Road transport unions included the Amalgamated Association of Tramway and Vehicle Workers, and the London Bus, Tram and Motor Workers Union. Both were absorbed into the London and Provincial (‘red button’) union in 1913. In 1922, the powerful Transport and General Workers Union was formed, representing a considerable proportion of London’s bus and tram workers.  

In 1926, many transport workers were involved in the nine-day General Strike, along with dockers and steelworkers, supporting the coal miners in their fight for fairer employment terms and working conditions. The 1950s saw another period of industrial unrest, involving a series of disputes regarding pay and conditions for bus workers. Disputes in the 1970s and 1980s centred on the introduction of one-person-operated buses and trains, and more recently Underground ticket office closures. 

LT's paternalism

Traditionally, the relationship between employees and their bosses in transport was paternalistic. LT and its successor TfL have tried to address the overall well-being of employees through a range of services, from the Transport Benevolent Fund to clubs and social activities. There was also a wide range of internal publications for staff, continuing today with staff publications such as Upfront and On the Move.  

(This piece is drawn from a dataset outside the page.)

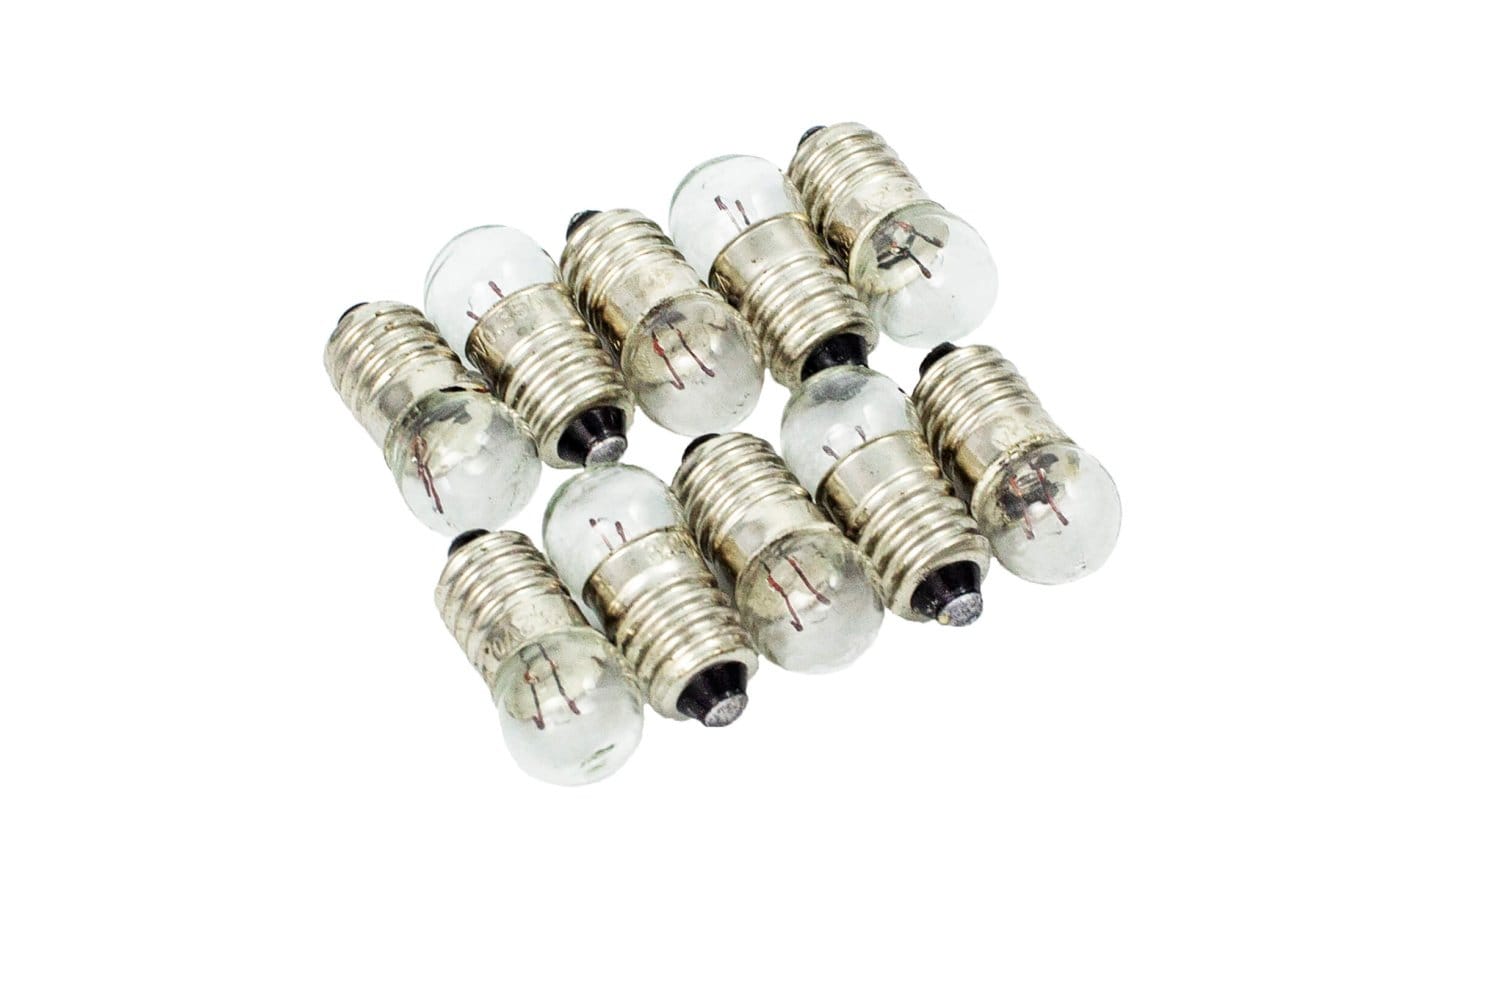 Arbor Scientific 3.2V Miniature Bulbs 10 Pack
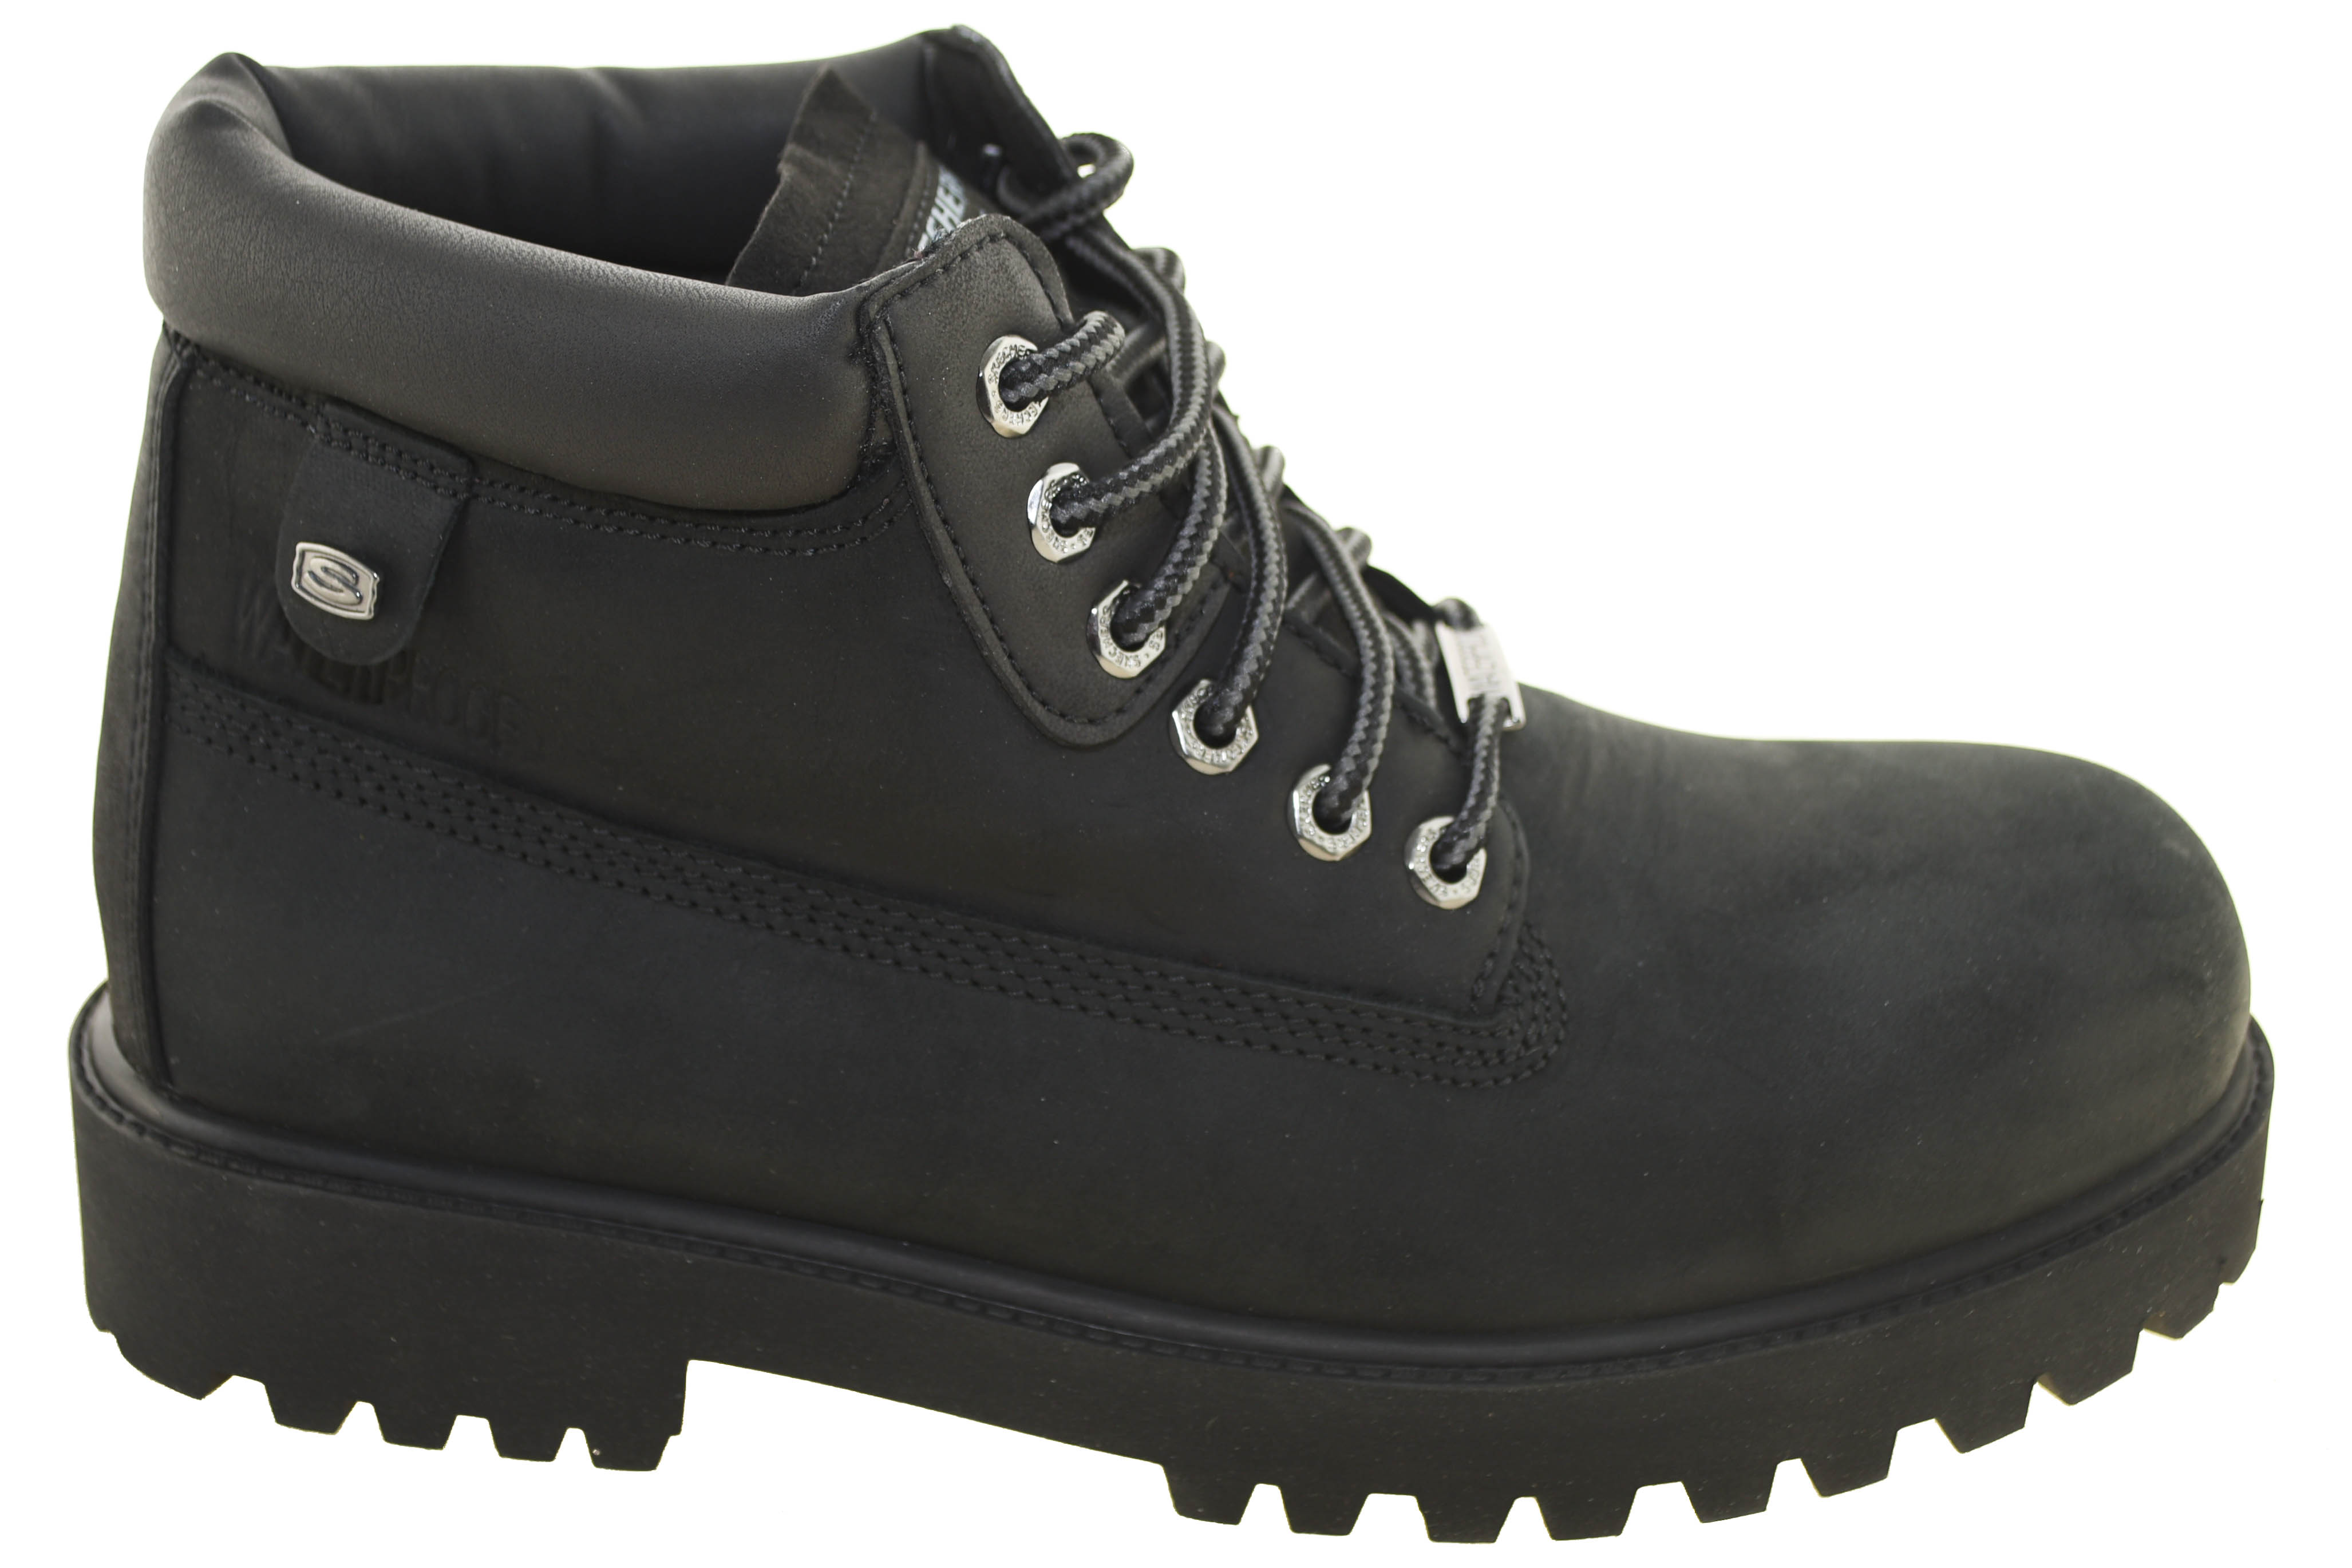 Skechers Men's Verdict Waterproof Boots Black 4442 BOL | eBay

For many years, LT offered employees recreational activities including cricket and football clubs, dances and family outings, amateur dramatics, singing and skydiving. For some people, these social activities are central to working and community life, acting as a focus for both themselves and their families during their service with LT and now TfL. 

The workforce today

Today, TfL employs just over 27,000 people across a wide range of roles. Most recently, some TfL workers have been in the spotlight in their capacity as ‘key workers’ during the COVID-19 outbreak of 2020, keeping the transport system functioning despite this dangerous virus. TfL workers such as cleaners, drivers and station staff have been on the front line during the worst pandemic London has seen for a century. They have faced greater risks, and some have died. To date, over 30 bus workers in London have lost their lives to the virus.  

London Underground staff wearing protective masks at Westminster Tube station during the coronavirus pandemic, May 2020
Digital image; London Underground staff wearing protective masks at Westminster Tube station during the coronavirus pandemic, May 2020

TfL’s workforce, and London as a whole, has again shown how quickly it can adapt to changes in personnel, wars, mechanisation, and now, a pandemic. Throughout these challenges TfL, and its predecessor companies, has succeeded in keeping London moving.